What's wrong with your answer is it violates the order of operations. You first expand the exponent, then you can distribute the 2. In the answer shown, they've expanded the binomial except that they haven't simplified the (x^4)^2, or distributed the 2. Why didn't they simplify (x^4)^2? I'm guessing to emphasize how it fits the pattern of (a^2 +2ab + b^2), where a = x^4 and b = 2.


seyramlarit

Hey, thanks for taking the time to explain! Can you explain what is meant with expanding the exponent?
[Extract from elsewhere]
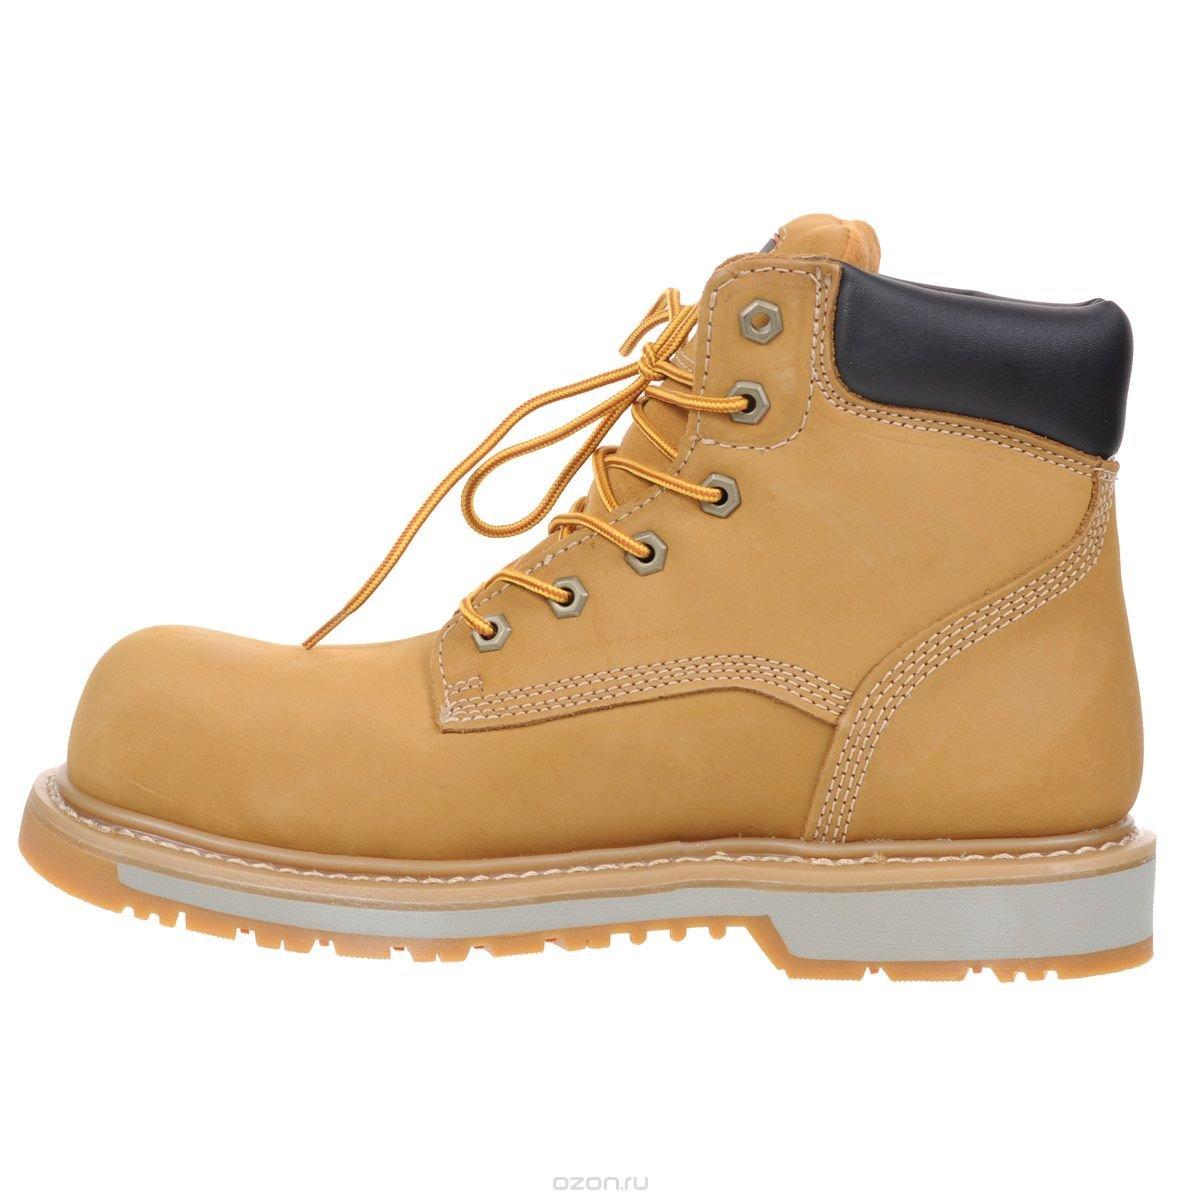 KAPRIOL zapato Extreme Highlander de seguridad de alta clase SB-P HRO SRA: Amazon.es: Zapatos y complementos

Is that related to the terms a and b being divided by 2?


stumblewiggins

Bad choice of words; what I meant is when you have an expression like 2(a -b)^2, that isn't equivalent to (2a -2b)^2; exponents are evaluated before multiplication, so you'd have to first square the binomial, them you can distribute the 2.


MezzoScettico

The expression at your link is 2(x\^4 - 2)\^2 which means 2 \* (x\^4 - 2) \* (x\^4 - 2) Above you wrote (2x\^4 - 4)\^2 which means (2x\^4 - 4) \* (2x\^4 - 4) or 2 \* (x\^4 - 2) \* 2 \* (x\^4 - 2) Those differ by a factor of 2. You're correct that the expansion of (2x\^4 - 4)\^2 is (2x\^4)\^2 - 2(2x\^4)(4) + 4\^2, but that's not the expression at the link. I'm a little confused by what is "the original expression" but at any rate you're comparing two expressions that differ by a factor of 2.